Dinkes Kulon Progo mengintensifkan pengawasan peredaran obat daftar G

id Peredaran obat daftar G

Dinkes Kulon Progo mengintensifkan pengawasan peredaran obat daftar G

Pelaksana tugas Kelapa Dinas Kesehatan (Dinkes) Kulon Progo Sri Budi Utami. (Foto ANTARA/Sutarmi)

Kulon Progo (ANTARA) - Dinas Kesehatan Kabupaten Kulon Progo, Daerah Istimewa Yogyakarta mengintensifkan pengawasan peredaran obat daftar G yang banyak disalahgunakan masyarakat di wilayah tersebut.

Pelaksana tugas Kelapa Dinas Kesehatan (Dinkes) Kulon Progo Sri Budi Utami, Jumat, mengatakan obat daftar G itu merupakan jenis obat yang boleh didapat atau dibeli dengan resep dokter.

"Tidak bisa kami pungkiri ada masyarakat yang membeli obat secara bebas di apotek meski masuk dalam daftar G," kata Sri Budi.

Ia mengatakan di wilayah DIY, khususnya di Kabupaten Kulon Progo, penggunaan obat daftar G sudah mulai ditertibkan. Ia mencontohkan pembelian amoxilin sudah ditertibkan, bahwa untuk mendapatkan obat itu harus menggunakan resep dokter.

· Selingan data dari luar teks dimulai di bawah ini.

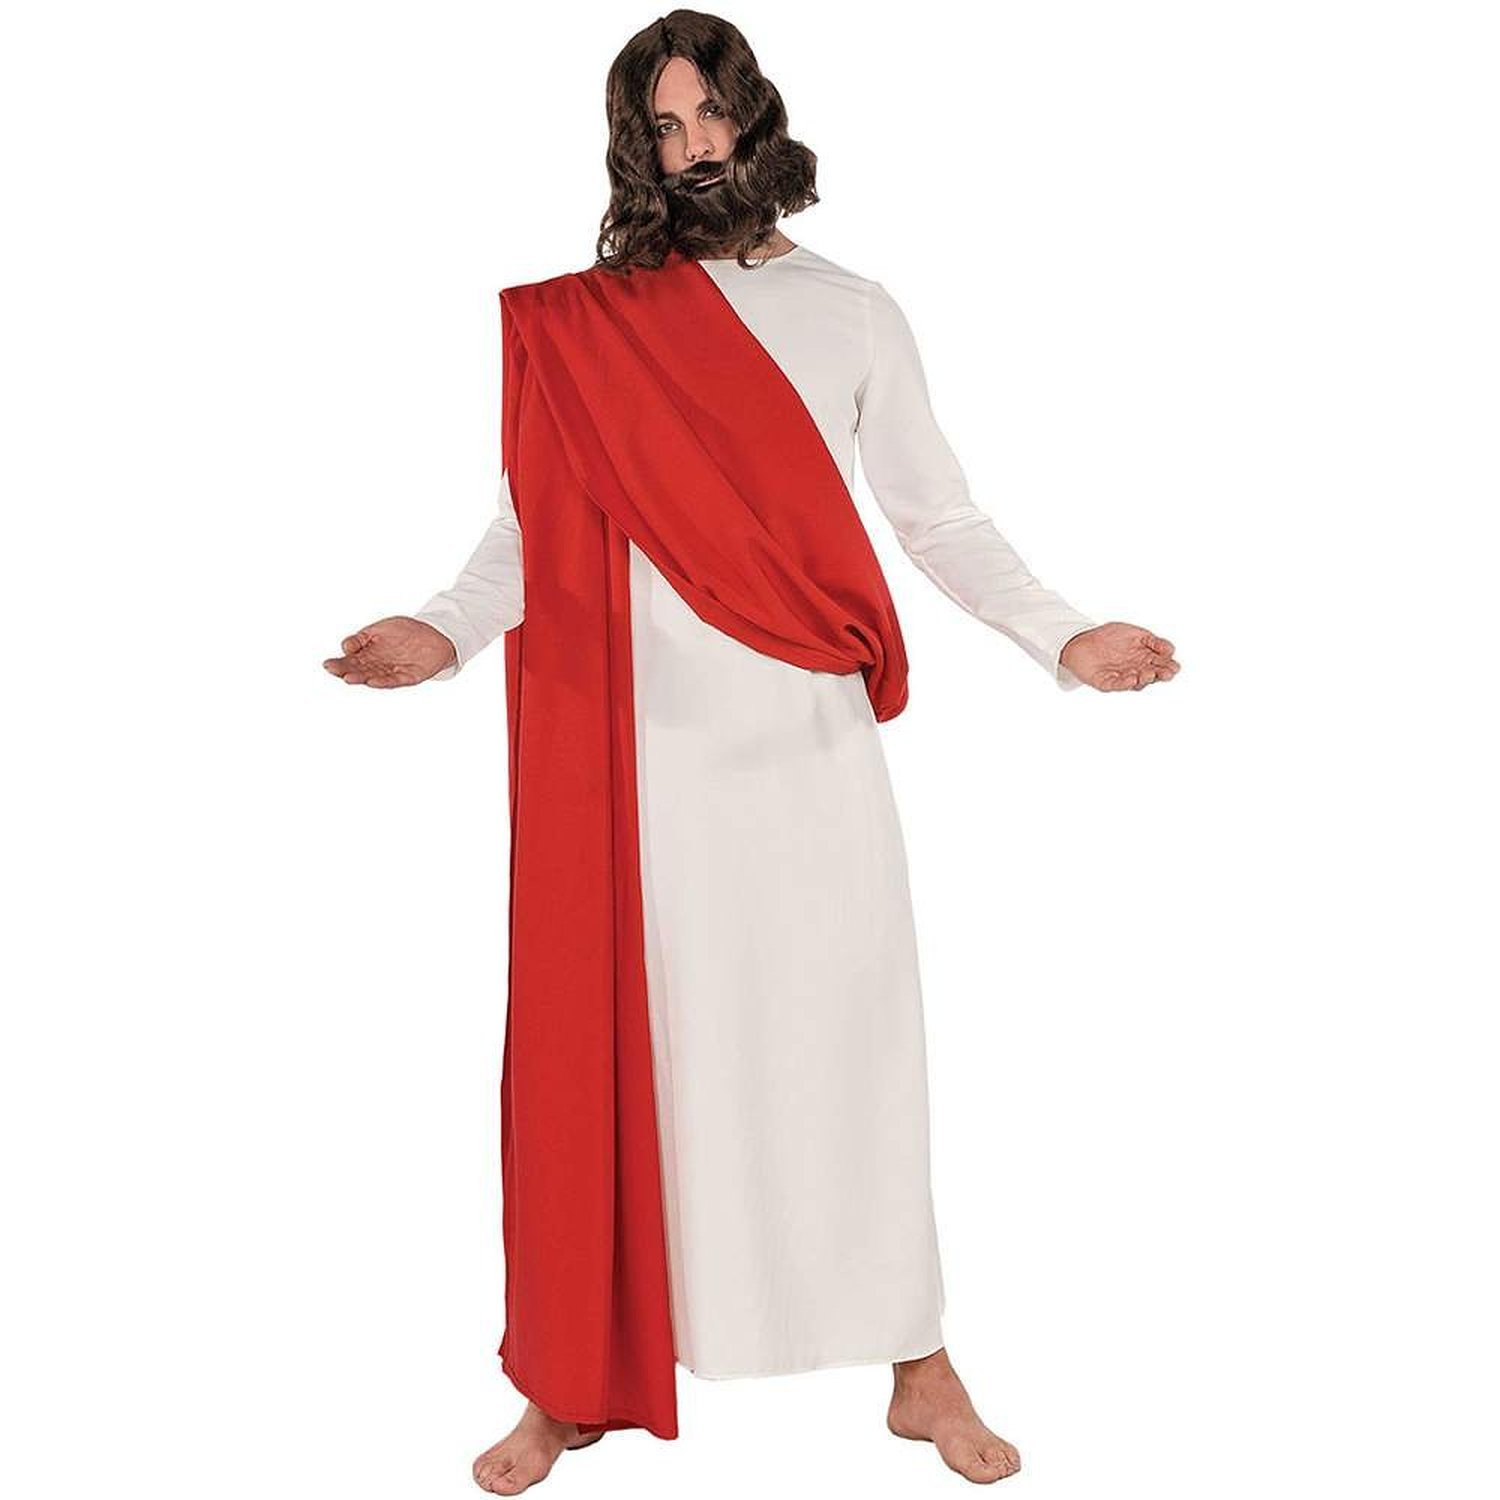 Jesus Costumes - CostumesFC.com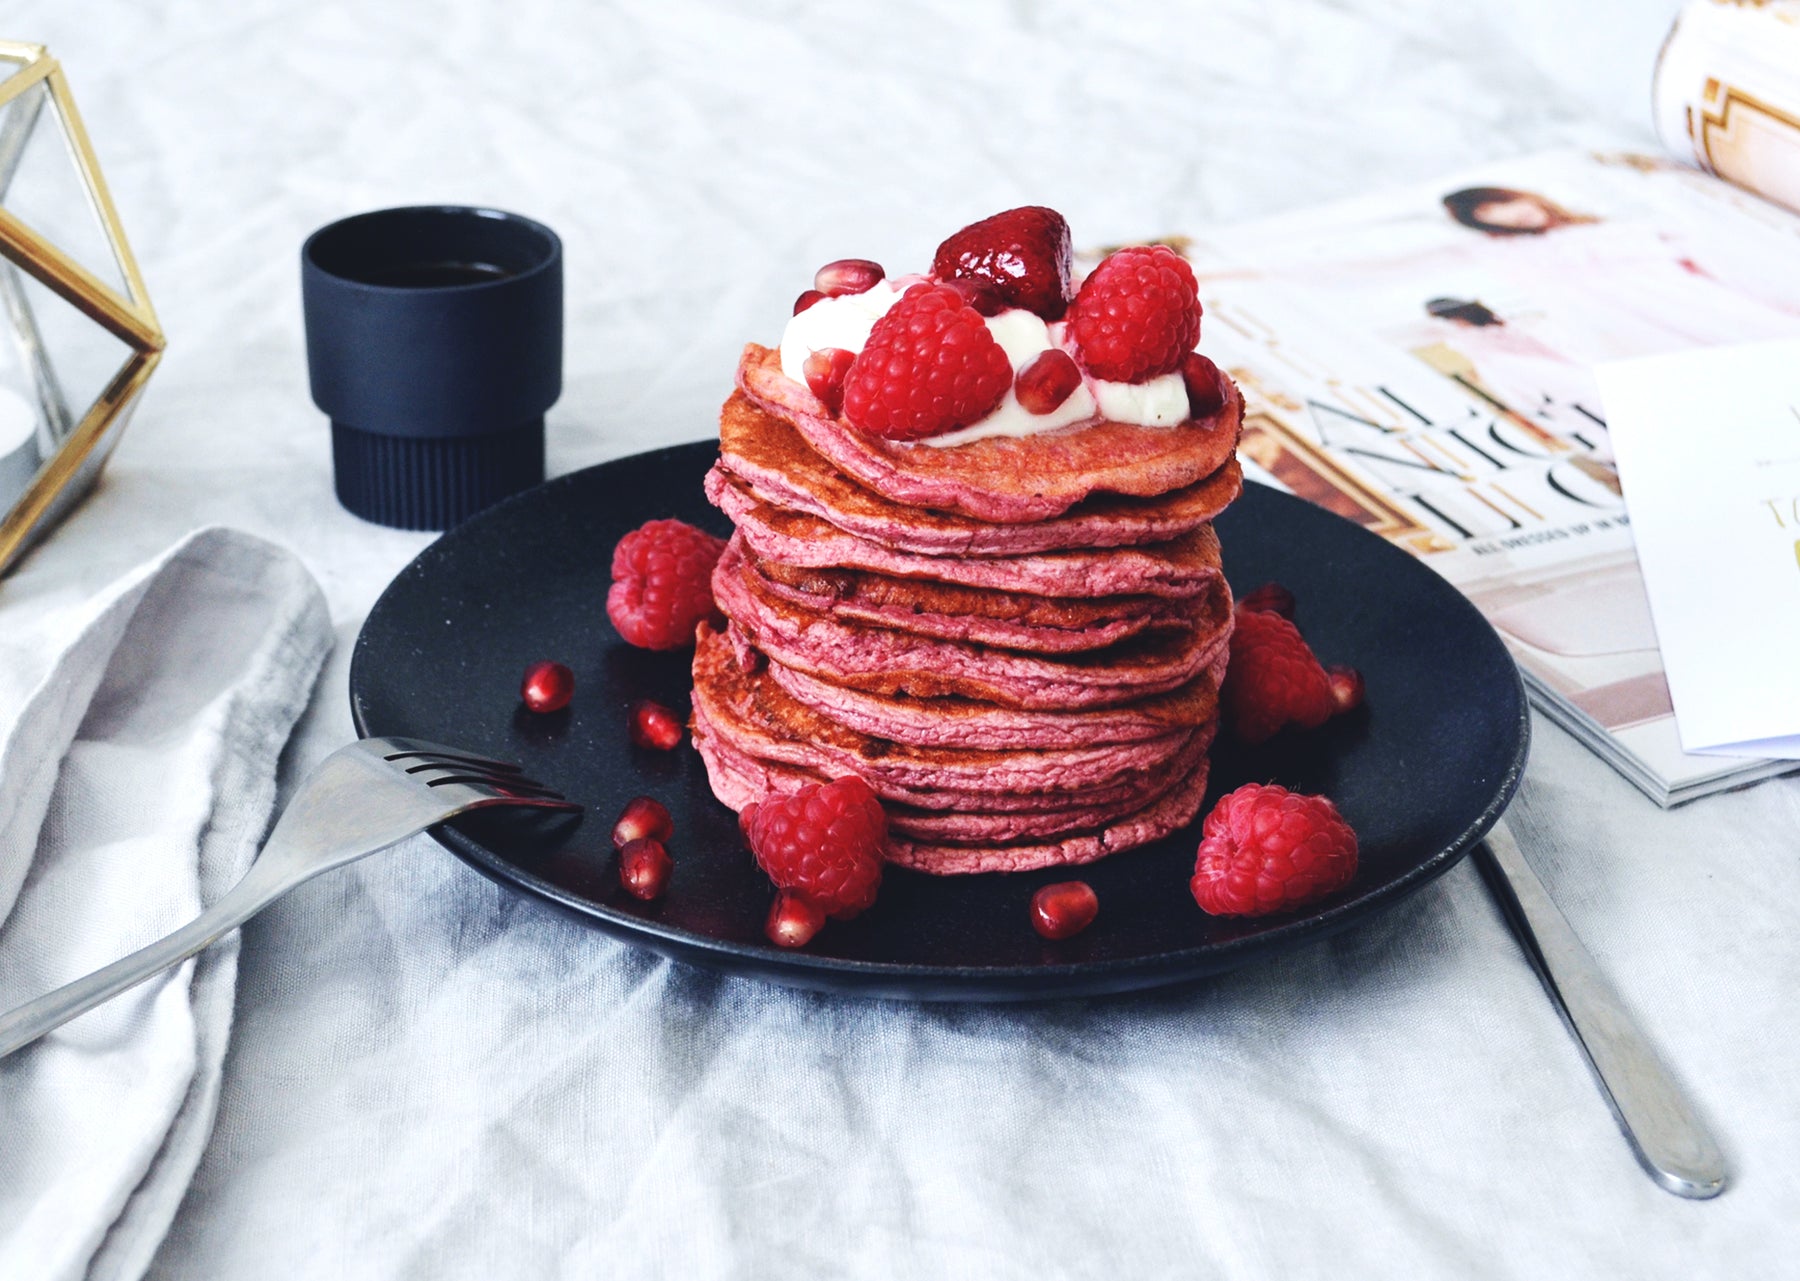 KIRR Eats: Wholesome Vegan Pancakes - KIRR

"Kami sudah menertibkan apotek-apotek yang ada di Kulon Progo. Artinya, kami ingatkan kembali bahwa obat daftar G ini tidak bisa dibeli masyarakat dengan bebas, dan harus menggunakan resep dokter," katanya.

Sri Budi mengakui banyak warga Kulon Progo ditangkap pihak penegak hukum karena menyalahgunakan obat daftar G. Menurutnya, kasus itu menjadi bahan instrospeksi semua pihak, apakah pengawasan Dinkes yang kurang ketat atau pihak penjual yang terlalu longgar, dan unsur masyarakat.

"Kelonggaran-kelonggaran itu bisa dikatakan kecolongan. Kami akan evaluasi, dan kami akan tertibkan. Saat ini apotek akan berpikir dua kali, karena kalau ketahuan akan diberikan sanksi," katanya.

Terkait peredaran obat palsu, lanjut Sri Budi, sampai saat ini Dinas Kesehatan Kulon Progo belum mendapat laporan resmi atau tertulis, baik yang dari kesehatan maupun masyarakat. Tetapi, Dinkes yang memiliki kewenangan dan tugas untuk itu, tetap melakukan pengawasan.

Dinkes mempunyai jejaring baik apotek maupun petugas yang akan berkoordinasi dengan BPOM. Artinya, sudah ada sistem bagaimana mengawasi obat-obat palsu. Jadi obat yang beredar secara resmi ada prosedur dan kode. Yang bisa Dinkes lakukan adalah melakukan inspeksi mendadak dan menerima laporan masyarakat.

"Kami juga mengajarkan bagaimana mengetahui obat tersebut asli atau palsu. Hal ini tidak mudah, tapi paling tidak di setiap produk obat dan bahan makan ada kode dan nomor registrasi BPOM," katanya.

Selain itu, lanjut Sri Budi, Dinkes akan meningkatkan koordinasi dengan jaring BPOM, yang sudah ada mekanisme pengawasan sendiri.

"Unsur yang ada di daerah akan bekerja sama untuk mengawasi peredaran obat tersebut," katanya.